::: Input data :::
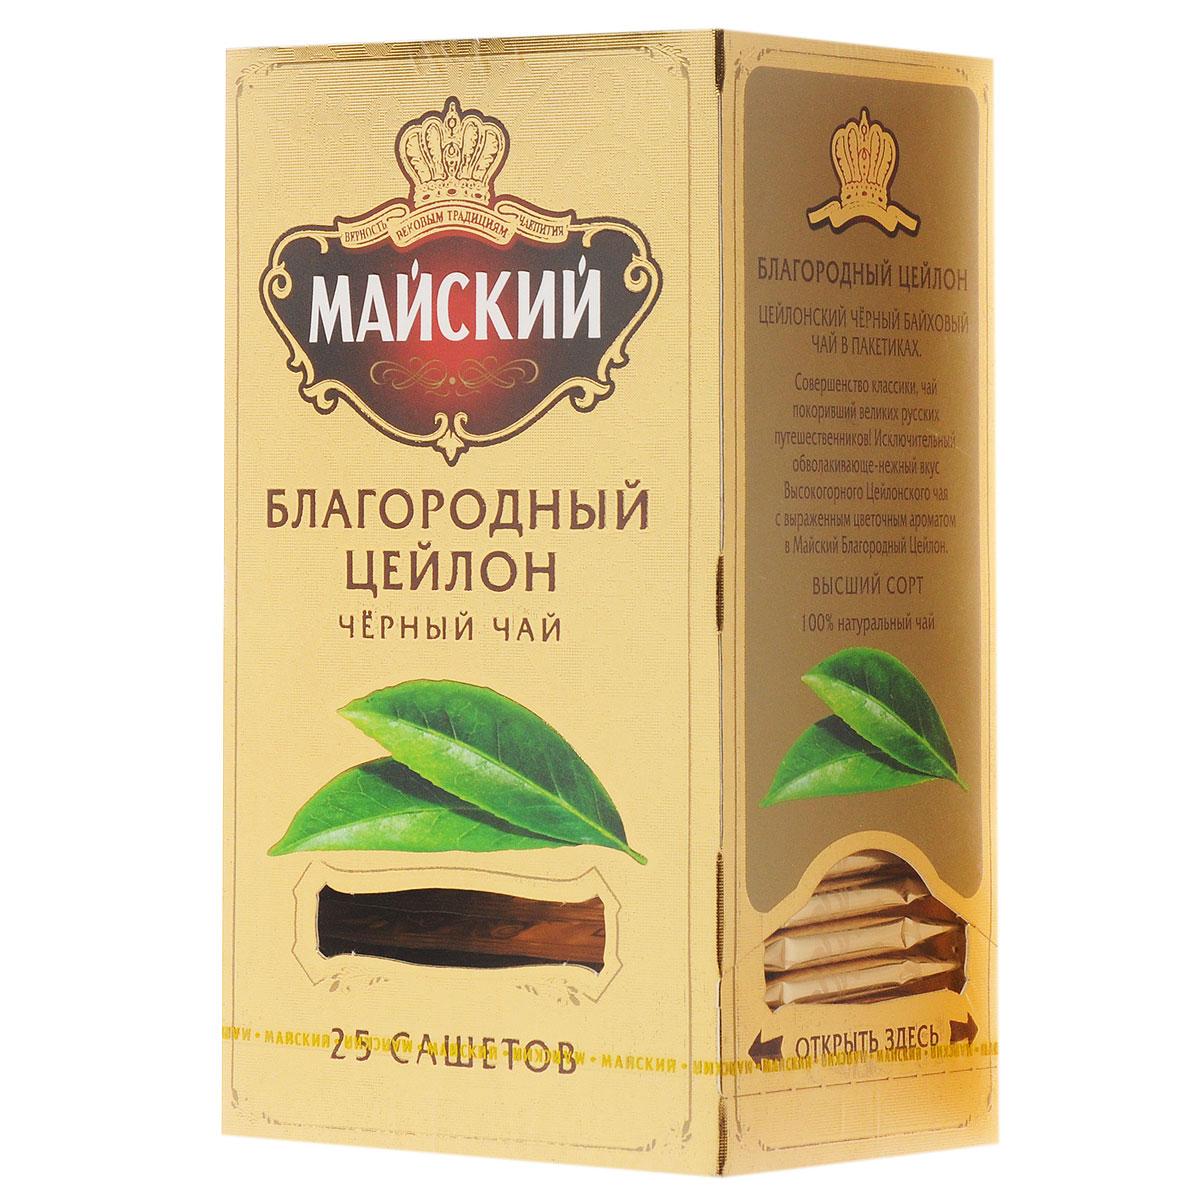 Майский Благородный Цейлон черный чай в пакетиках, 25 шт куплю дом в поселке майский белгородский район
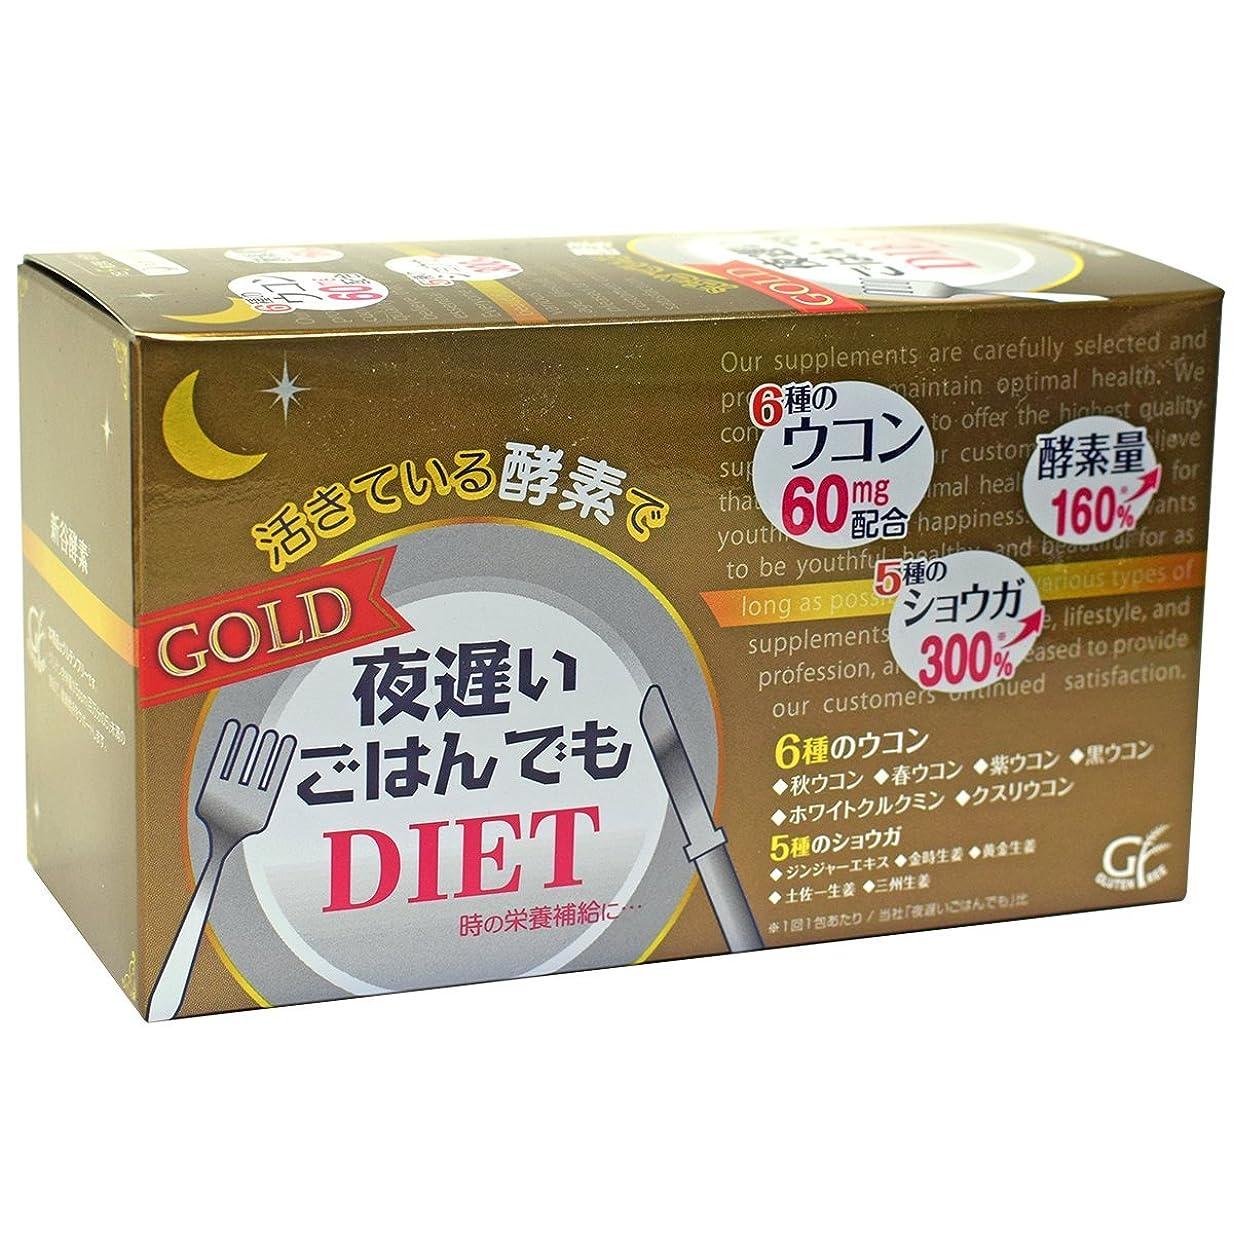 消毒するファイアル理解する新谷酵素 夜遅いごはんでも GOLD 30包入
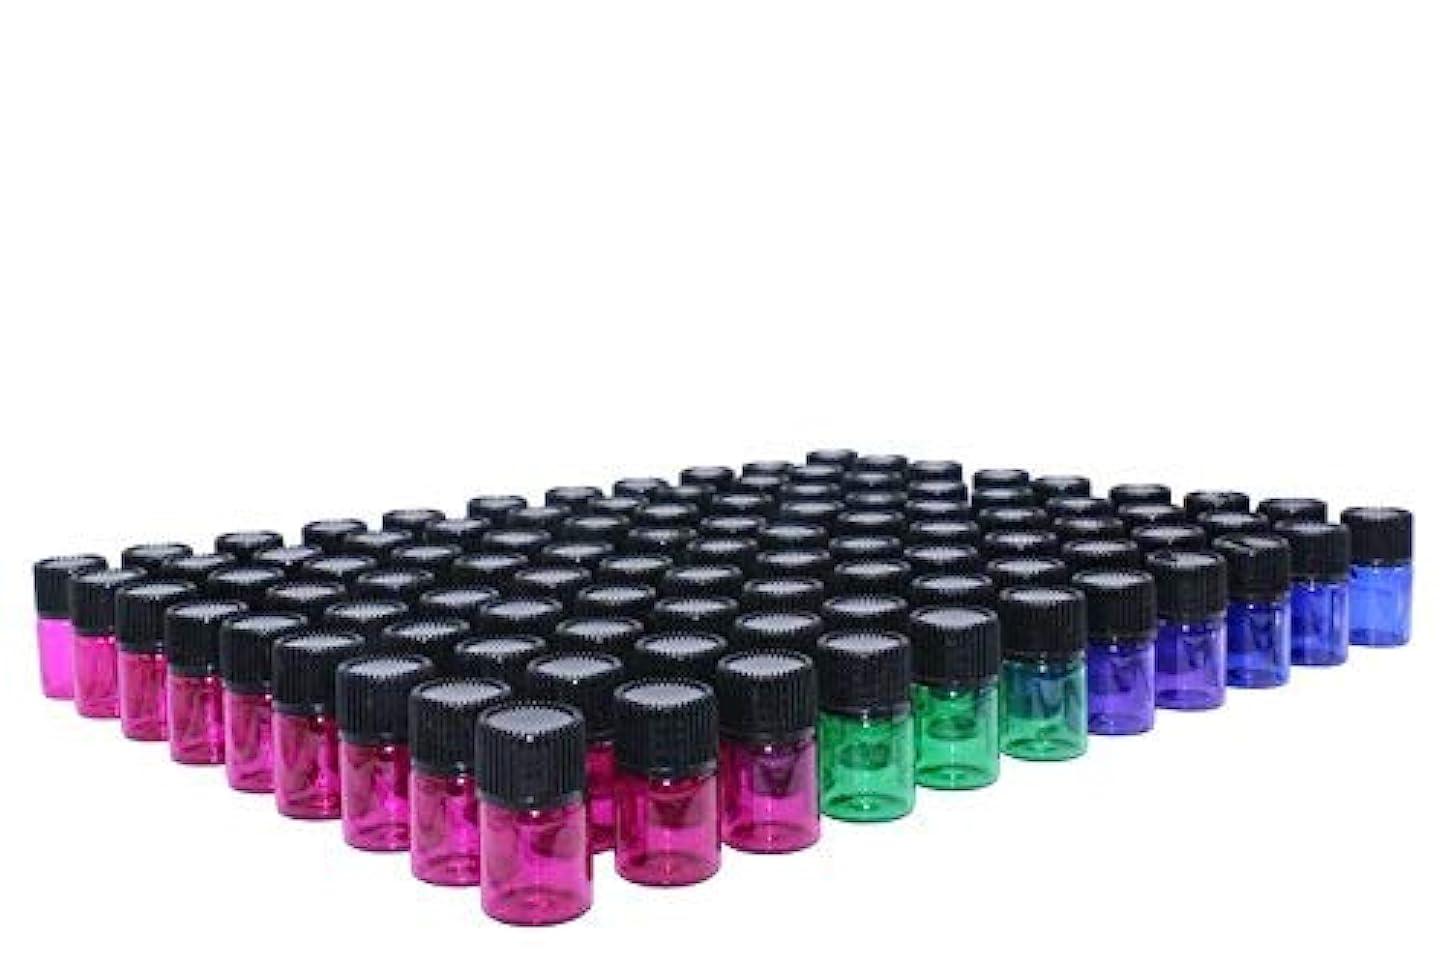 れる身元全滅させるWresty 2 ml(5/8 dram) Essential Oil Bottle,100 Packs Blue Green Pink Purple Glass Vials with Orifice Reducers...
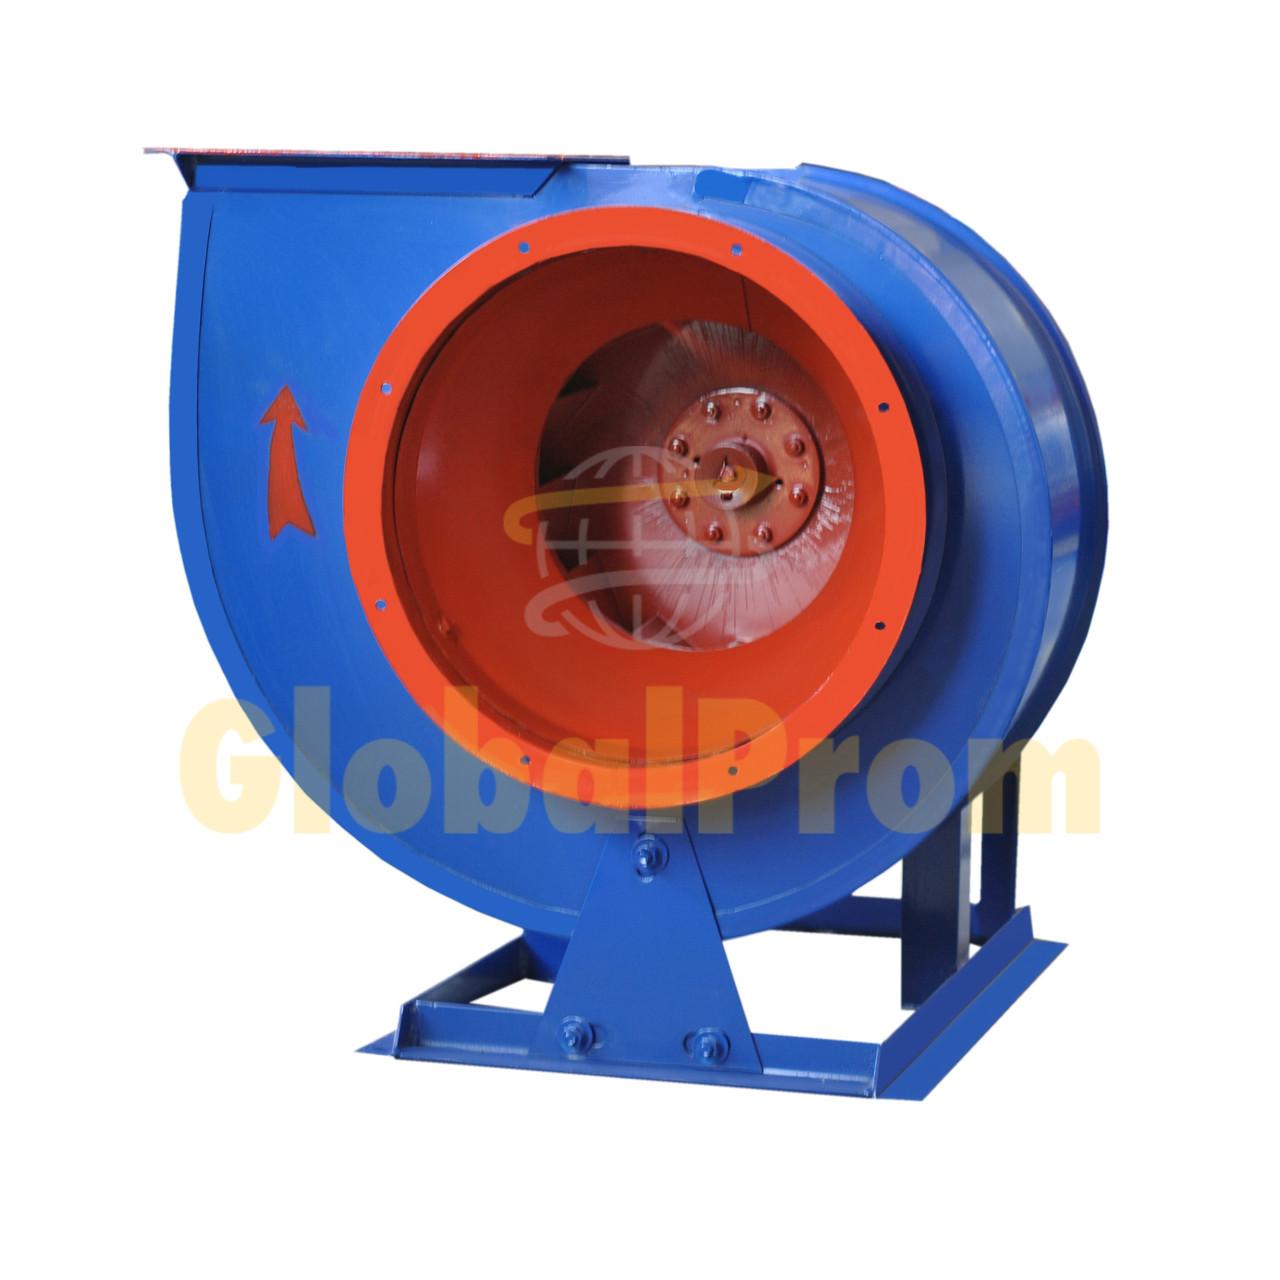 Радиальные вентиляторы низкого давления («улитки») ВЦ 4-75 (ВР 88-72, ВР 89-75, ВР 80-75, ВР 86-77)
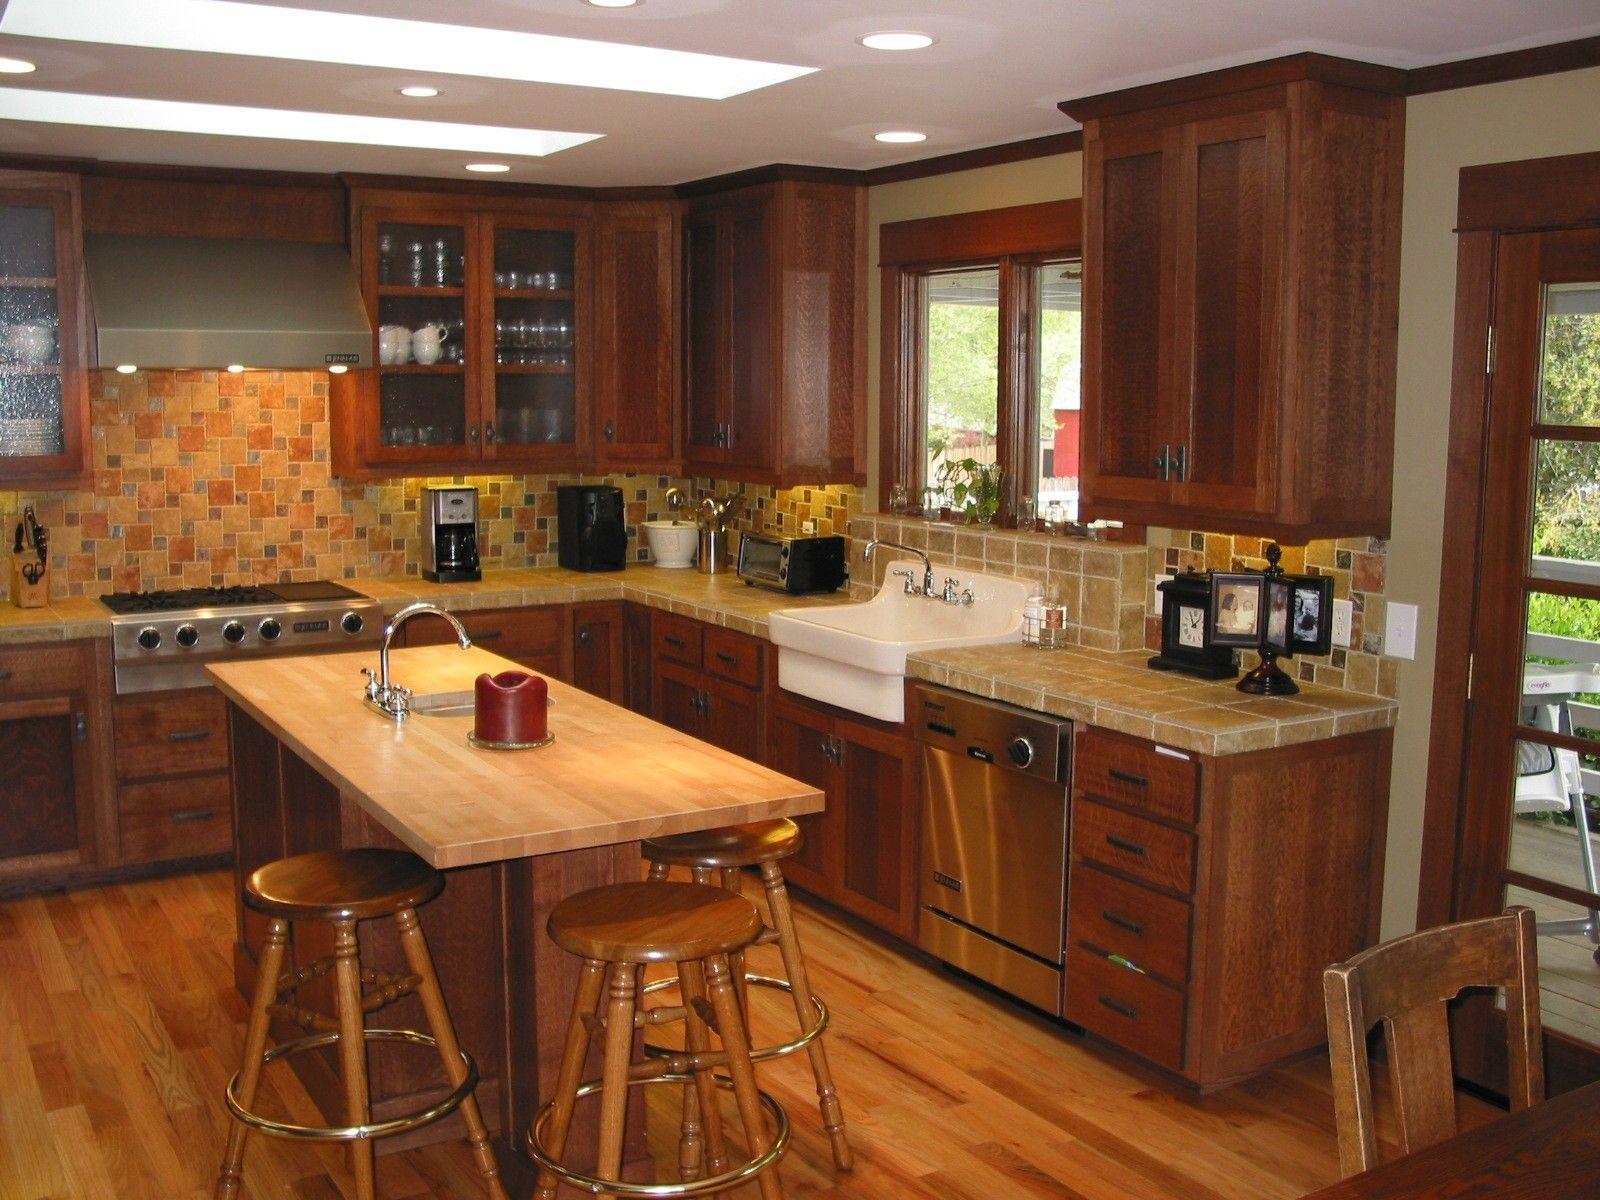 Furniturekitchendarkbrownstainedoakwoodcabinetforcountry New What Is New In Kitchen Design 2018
:::
### About this exercise
Everything from the line with "Радиальные вентиляторы низкого" through the end of the records above, and nothing else, is to be quoted exactly; please leave the pictures out.

### Finished exercise
 Радиальные вентиляторы низкого давления («улитки») ВЦ 4-75 (ВР 88-72, ВР 89-75, ВР 80-75, ВР 86-77)
 Furniturekitchendarkbrownstainedoakwoodcabinetforcountry New What Is New In Kitchen Design 2018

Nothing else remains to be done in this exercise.